The theory of Special Relativity as formulated by Einstein in 1905 was based on the postulate that the laws of physics are the same regardless of the state of motion of the observer, so long as it is uniform. This is known as the Principle of Relativity, from which there follow many strange effects. While these behaviors seem paradoxical, they make perfectly good sense when seen as a result of the way fields behave:

Objects contract when moving because motion affects the interaction of fields that hold the object together. Space itself contracts because space is made of fields.

Things happen more slowly in a moving system because the interacting fields must travel a greater distance (despite the contraction).

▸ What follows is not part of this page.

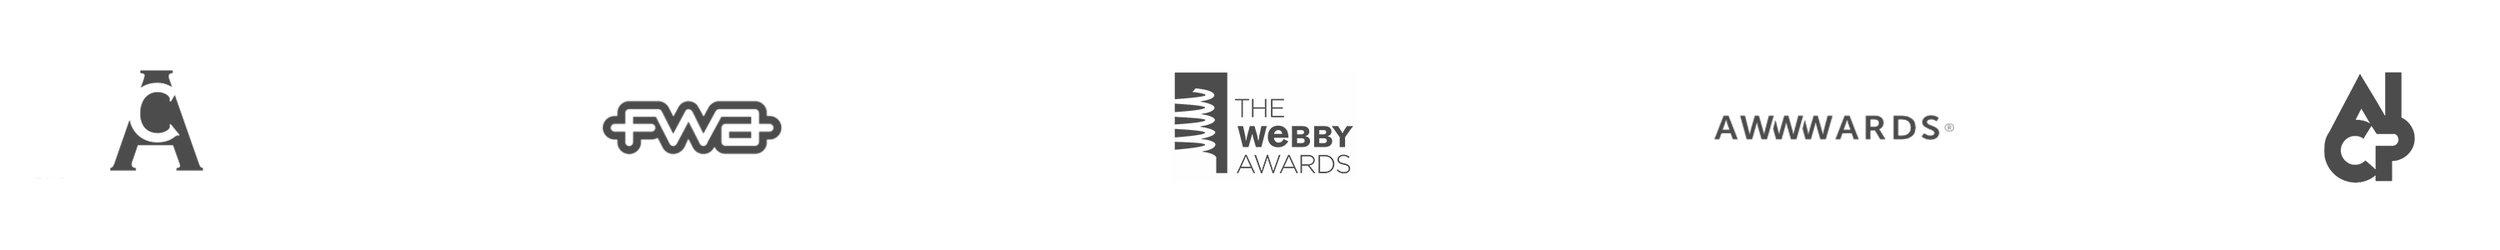 Awards_SquareSpace_Destiny.jpg

Nothing can go faster than light because everything is made of fields that propagate at a finite rate determined by the field equations.

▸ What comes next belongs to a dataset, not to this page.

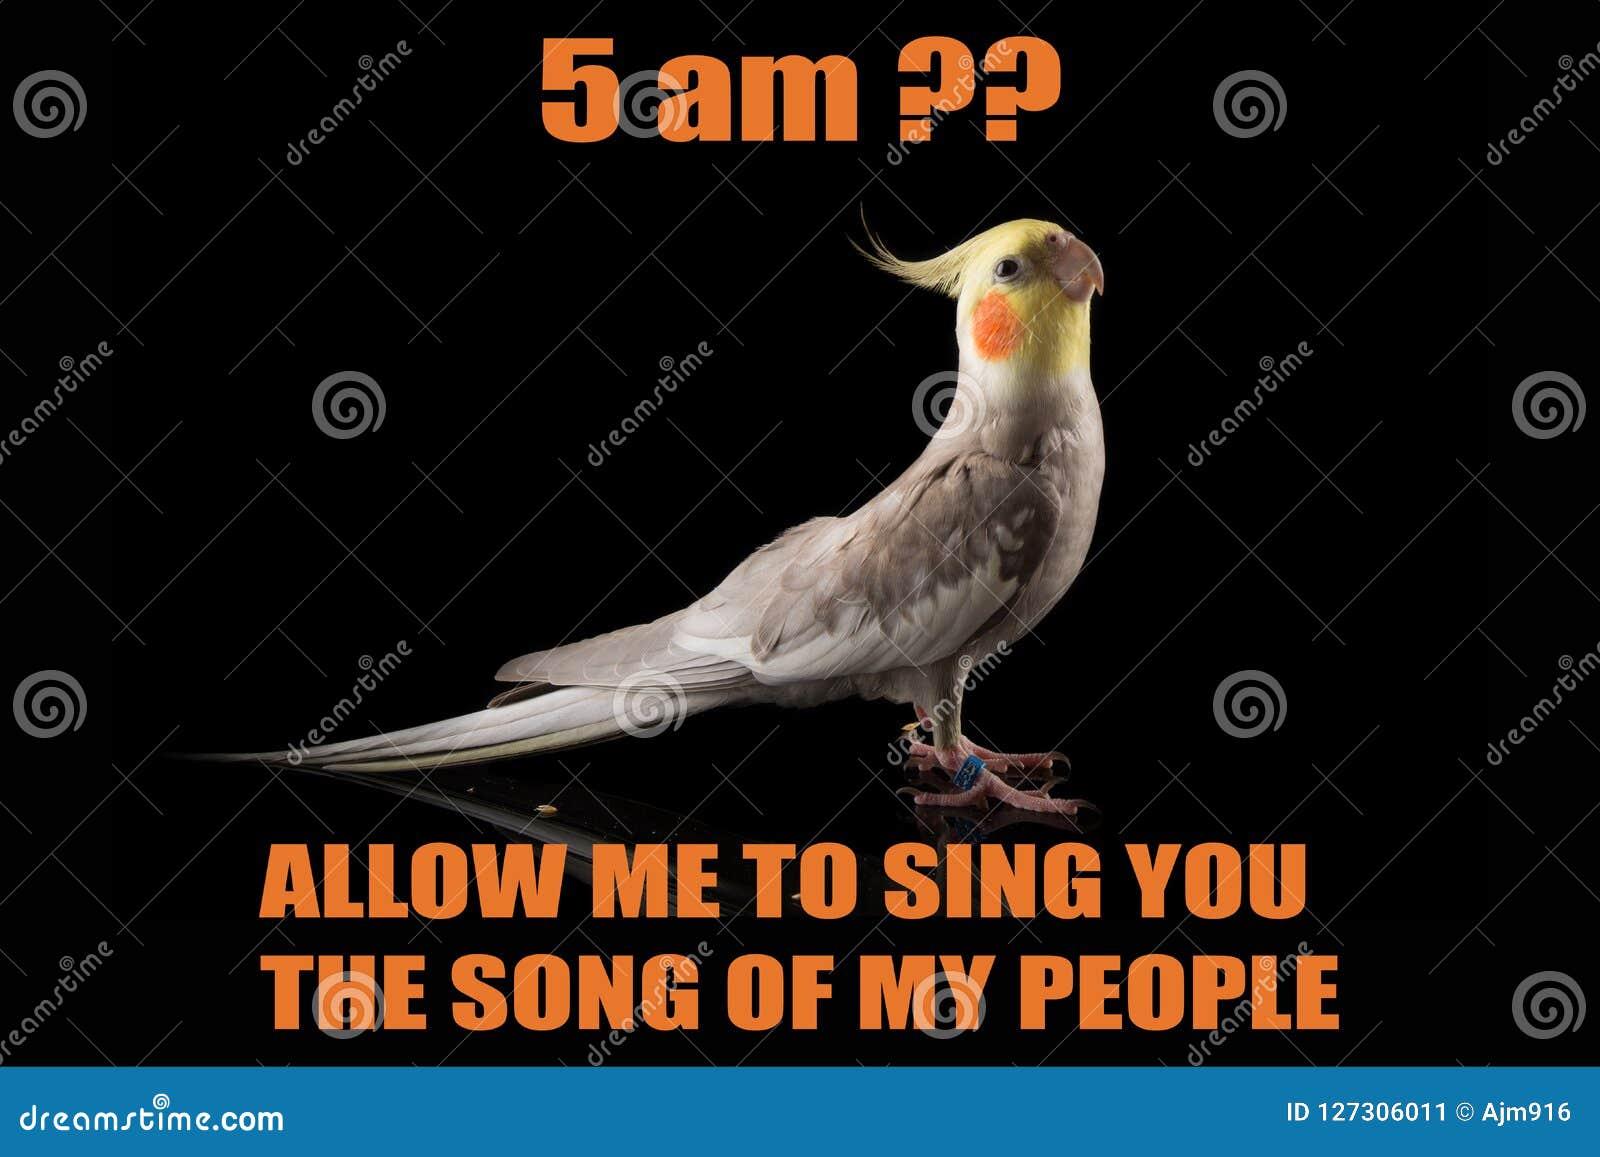 Funny Parrot Meme Cockatiel Portrait 5 Am Let Me Sing You The

Mass increases with speed because mass means resistance to acceleration and acceleration beyond the speed of light is impossible.

I call this the bottom-up approach. Although most physicists prefer to start with the Principle of Relativity (top-down approach), the bottom-up method provides insight into why these strange things happen. Even the Principle of Relativity follows from the bottom-up approach.

Either way, one must cope with a Rashomon reality in which observers in differently-moving systems see the same reality in different ways.”
― Rodney A. Brooks, Fields of Color: The theory that escaped Einstein

“The fact is, either approach is correct and one does not preclude the other. Yes, the Principle of Relativity is elegant and the top-down approach is easier to use; physicists love it for that reason. But the field equations are also elegant and they not only contain the Principle of Relativity within them, they also provide a physical explanation for effects that otherwise are paradoxical. We can never know if God started with the Principle of Relativity and derived the field equations or started with the field equations from which follows the Principle.”
― Rodney A. Brooks, Fields of Color: The theory that escaped Einstein

“MASS INCREASES

The final paradox of relativity is the increase in mass due to motion. Mass increase has been observed experimentally in particle accelerators, with increases as great as 3000% for particles traveling at over 99.9% the speed of light. How can the mass of an object get bigger just because it's moving?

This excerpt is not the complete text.